Top of Collected material

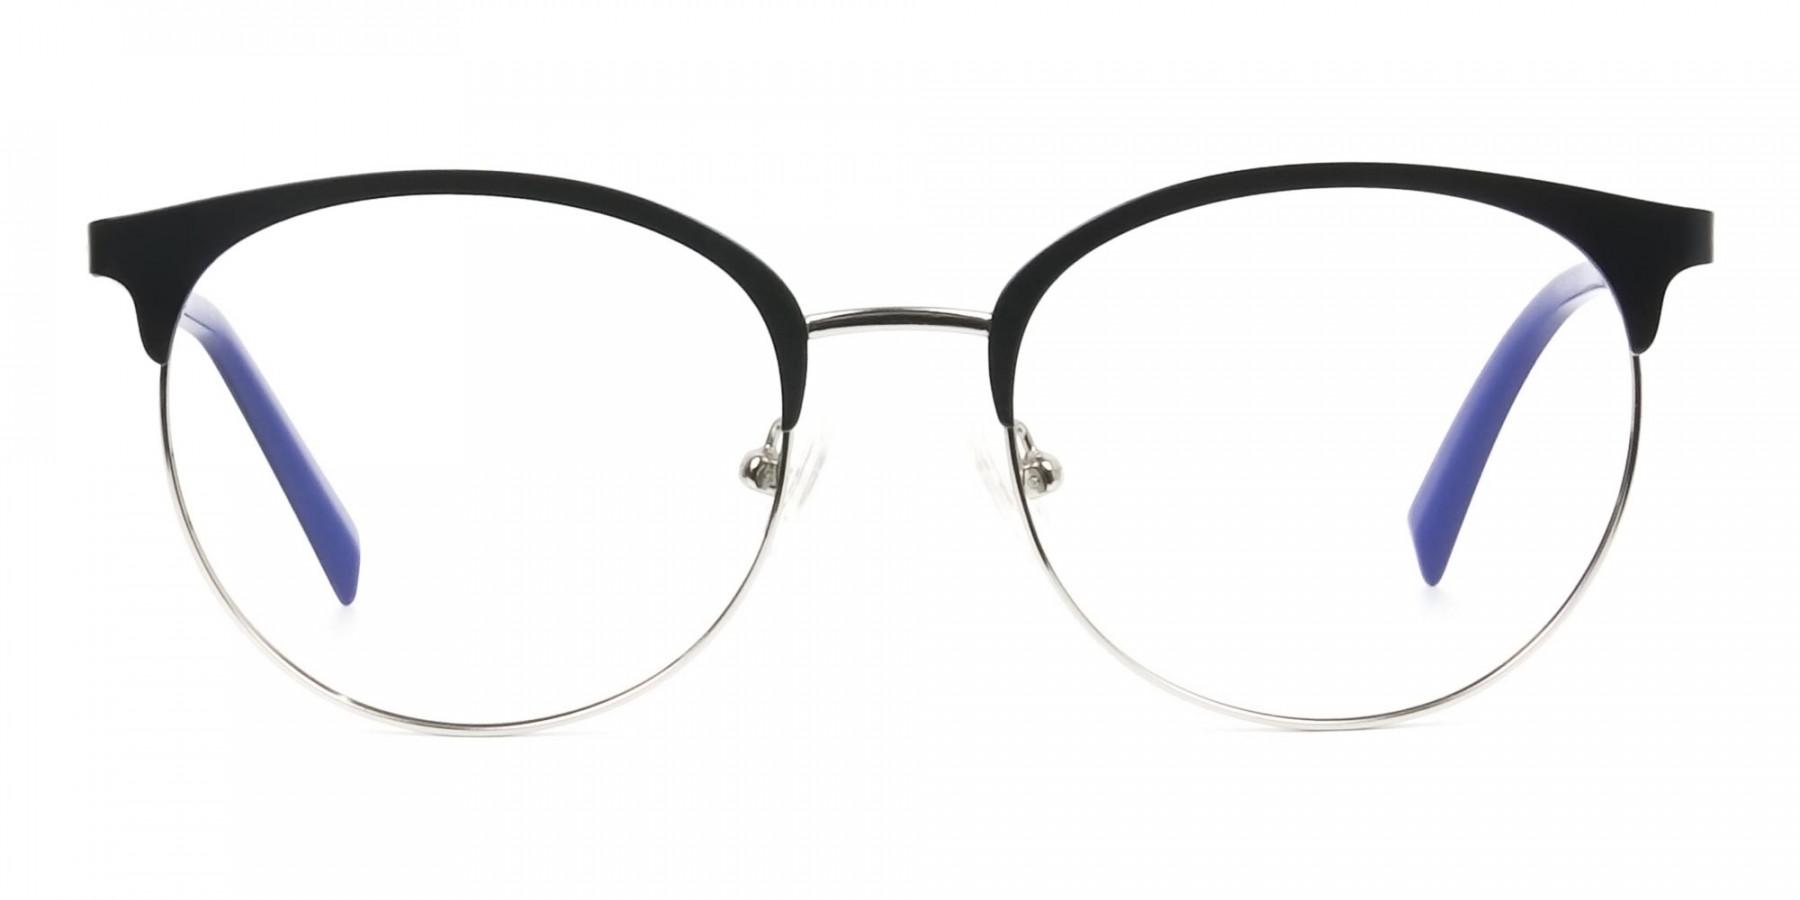 Round Navy Blue Silver Clubmaster Glasses Men Women - 1
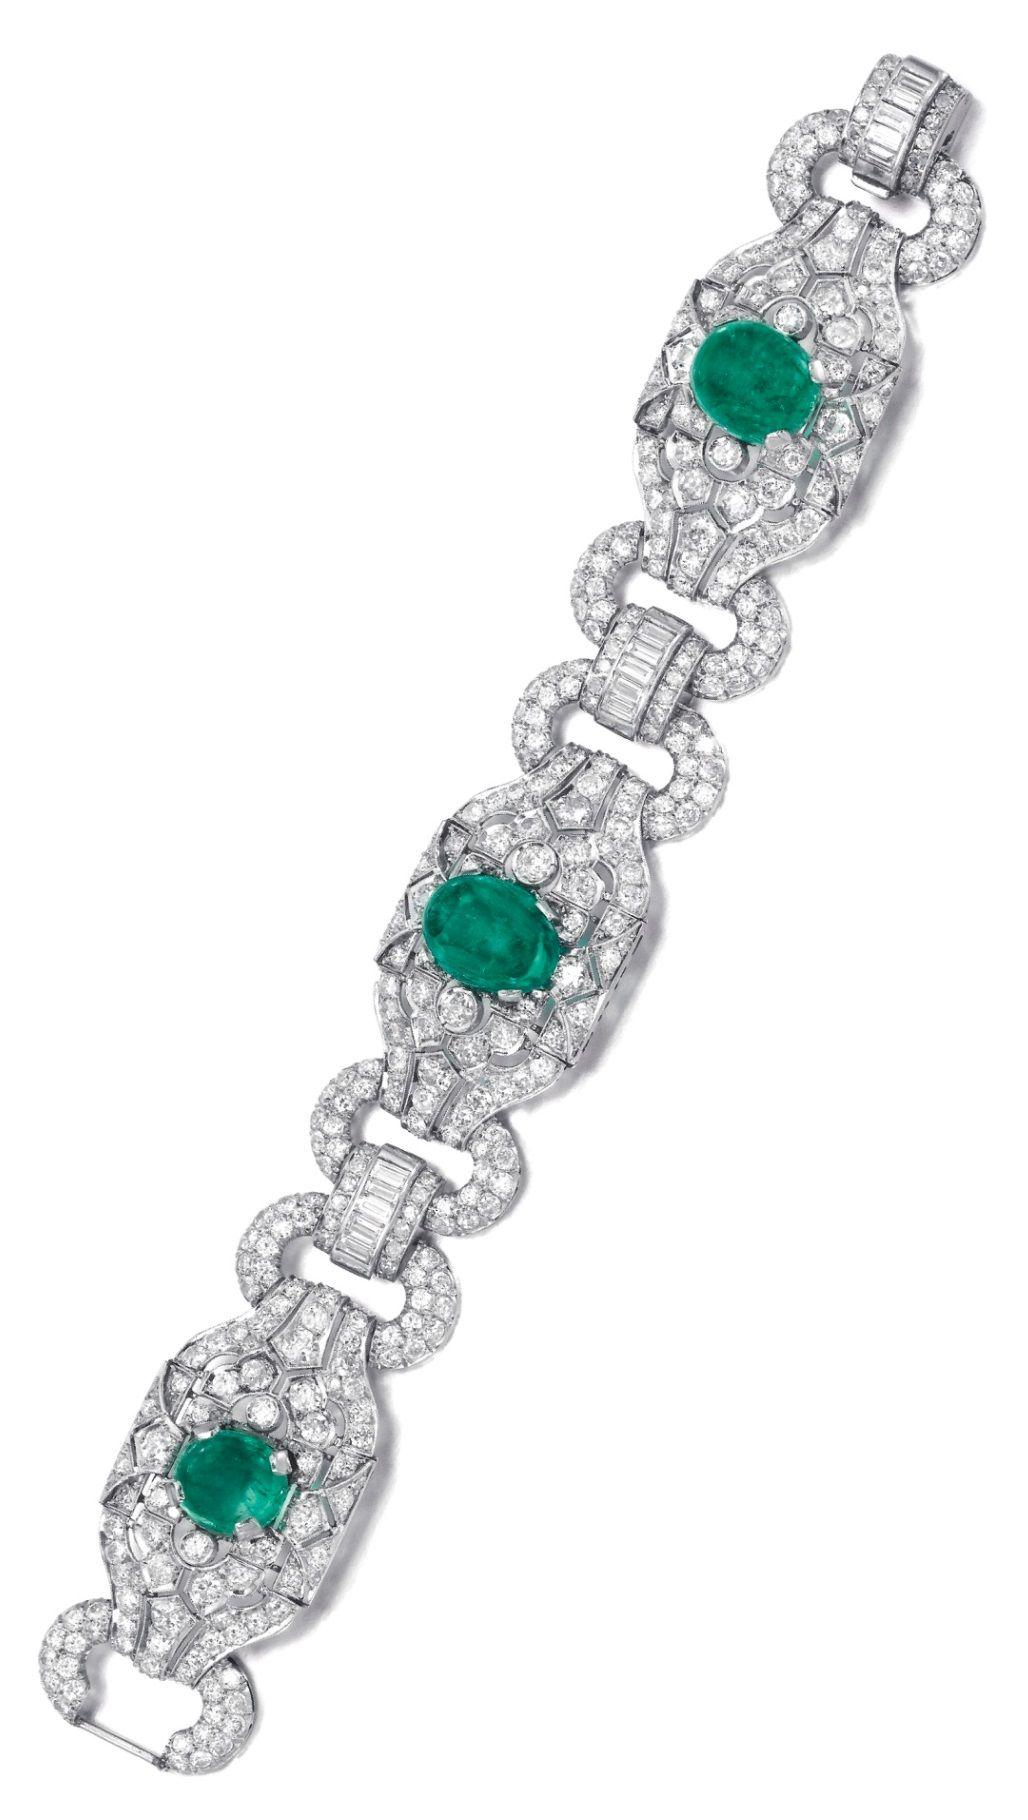 An art deco emerald and diamond bracelet s of geometric
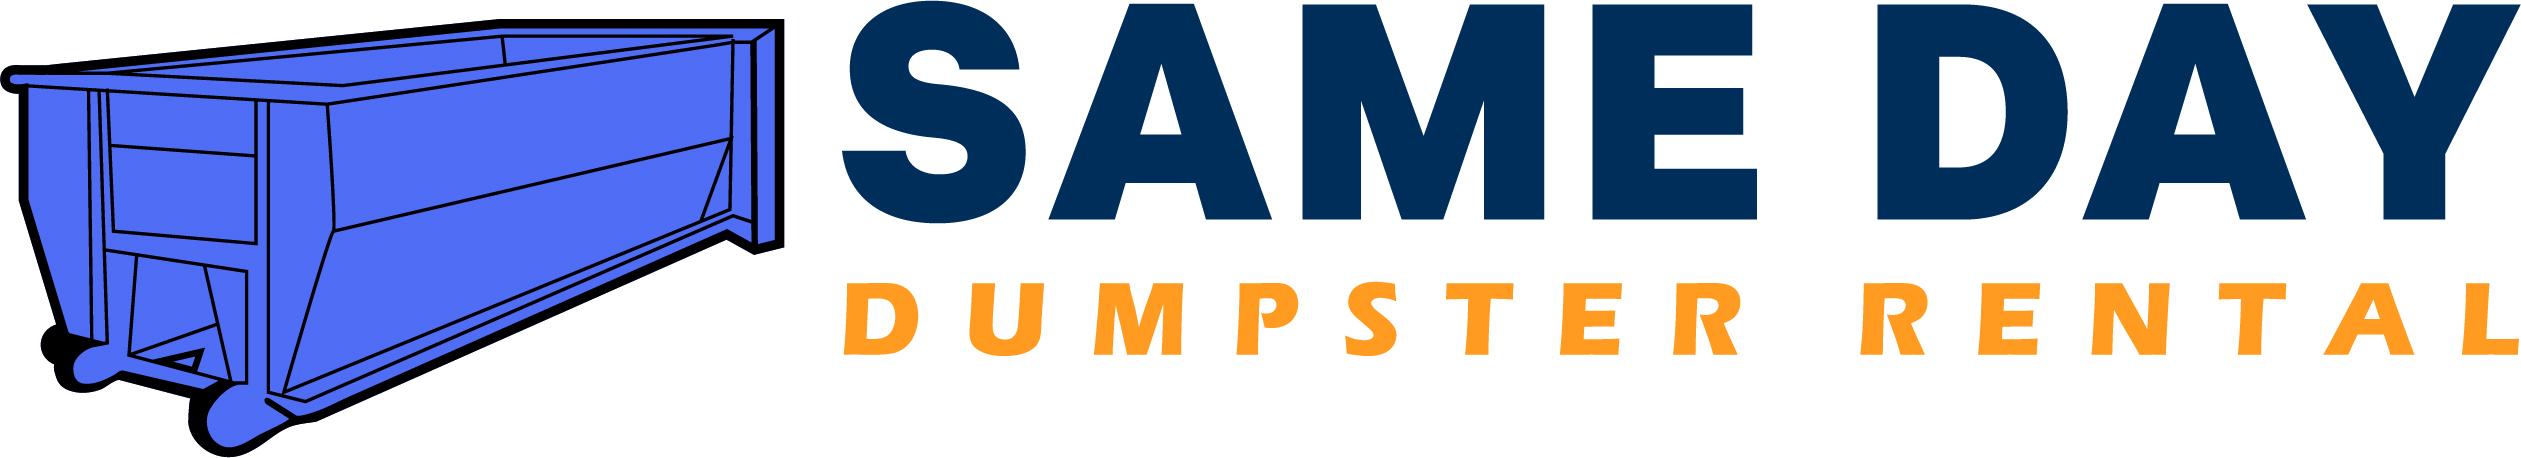 Same Day Dumpster Rental Pensacola Inc – Garbage collection service

Bottom of Collected material

Directions for this task » A word-for-word restatement of all the lines above is needed, with the pictures omitted.

Response »
 Round Navy Blue Silver Clubmaster Glasses Men Women - 1
 An art deco emerald and diamond bracelet s of geometric
 Same Day Dumpster Rental Pensacola Inc – Garbage collection service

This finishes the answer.